China: Denmark’s brewing giant, Carlsberg A/S, announced on 15 July 2004 it acquires more breweries in China. Carlsberg and the Danish Industrialization Fund for Developing Countries (IFU) have agreed with Lanzhou Huanghe Enterprise Group to acquire 50 % of the Lanzhou Huanghe Brewery, which includes three breweries in the Gansu province. The three Lanzhou Huanghe breweries hold a capacity of approximately 2.5 million hl beer and a 36 per cent market share with a rising trend. Furthermore, there is only one more brewery in the Gansu province.

For over two years, the Lanzhou Huanghe Brewery’s sales in the Gansu province have developed very positively. The group’s strong regional brand Huanghe (Yellow River) is one of only three Chinese beer brands, which have been given the title “China’s Most Famous Trademark”. Over a 10-year period, the present per capita consumption of 8.5 litres in the Gansu province is expected to increase to approximately 20 litres which is the present average per capita consumption in China.

In the neighbouring Qinghai province, a green field brewery with an initial capacity of 0.5 million hl beer will be constructed of which Carlsberg and IFU acquire 40 per cent. Construction will start this summer and until the new brewery is finalized, the market will be supplied from the Gansu province. In the Qinghai province, the present per capita consumption of 12 litres is expected to develop in line with that of Gansu. Carlsberg and IFU acquire the four breweries in the Gansu and Qinghai provinces at a total price of DKK 115 million. The price equals $17 per hl installed capacity. In 2004, the four breweries’ sales is expected to reach a total of 1.6 million hl beer and once the construction in the Qinghai province is finalized, the total capacity of the four breweries will be approximately 3 million hl beer.

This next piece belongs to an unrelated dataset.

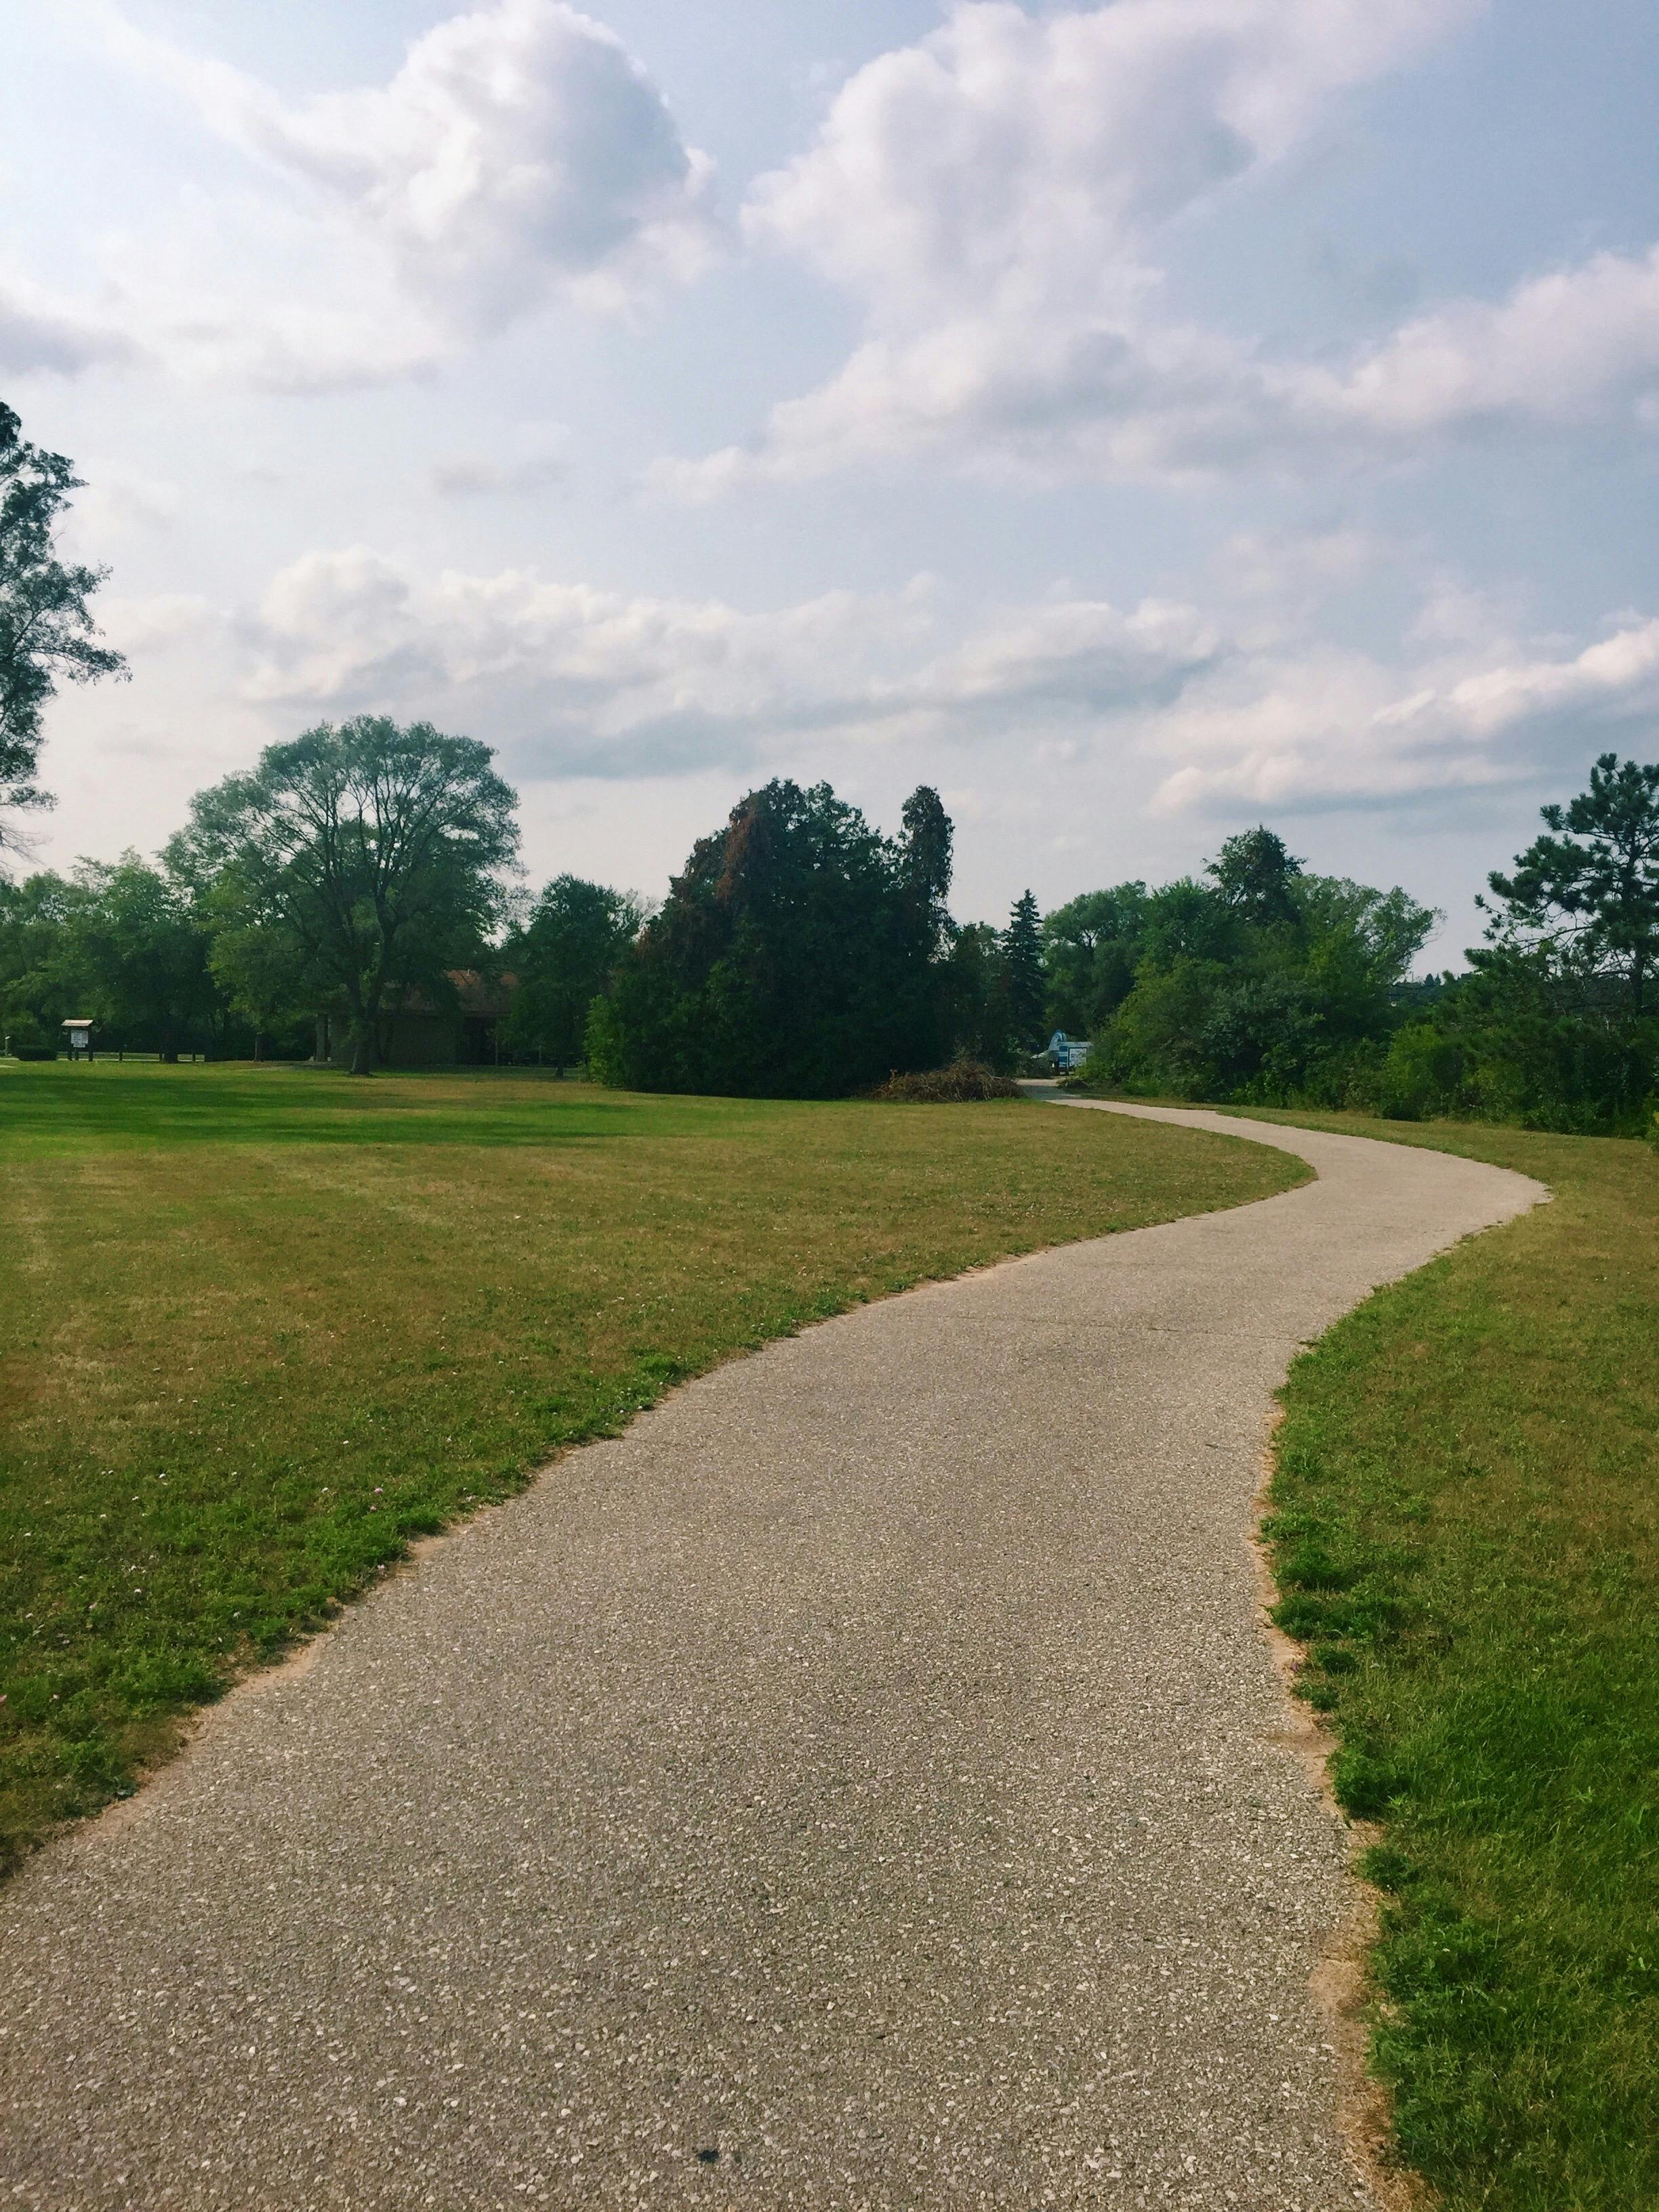 Free stock photo of running track, Running trail, trails

The acquisition of a total production capacity of approximately 3 million hl beer and a well-known brand fits well into Carlsberg’s strategy to establish a strong position in Western Chinese provinces. Therefore, this investment is a natural extension of previous acquisitions in the Yunnan province and Tibet. IFU also participated in Carlsberg’s previous acquisition in Tibet and the investment in the Gansu and Qinghai provinces is in line with IFU’s objective to enter into projects in regions in great need of economic and social development.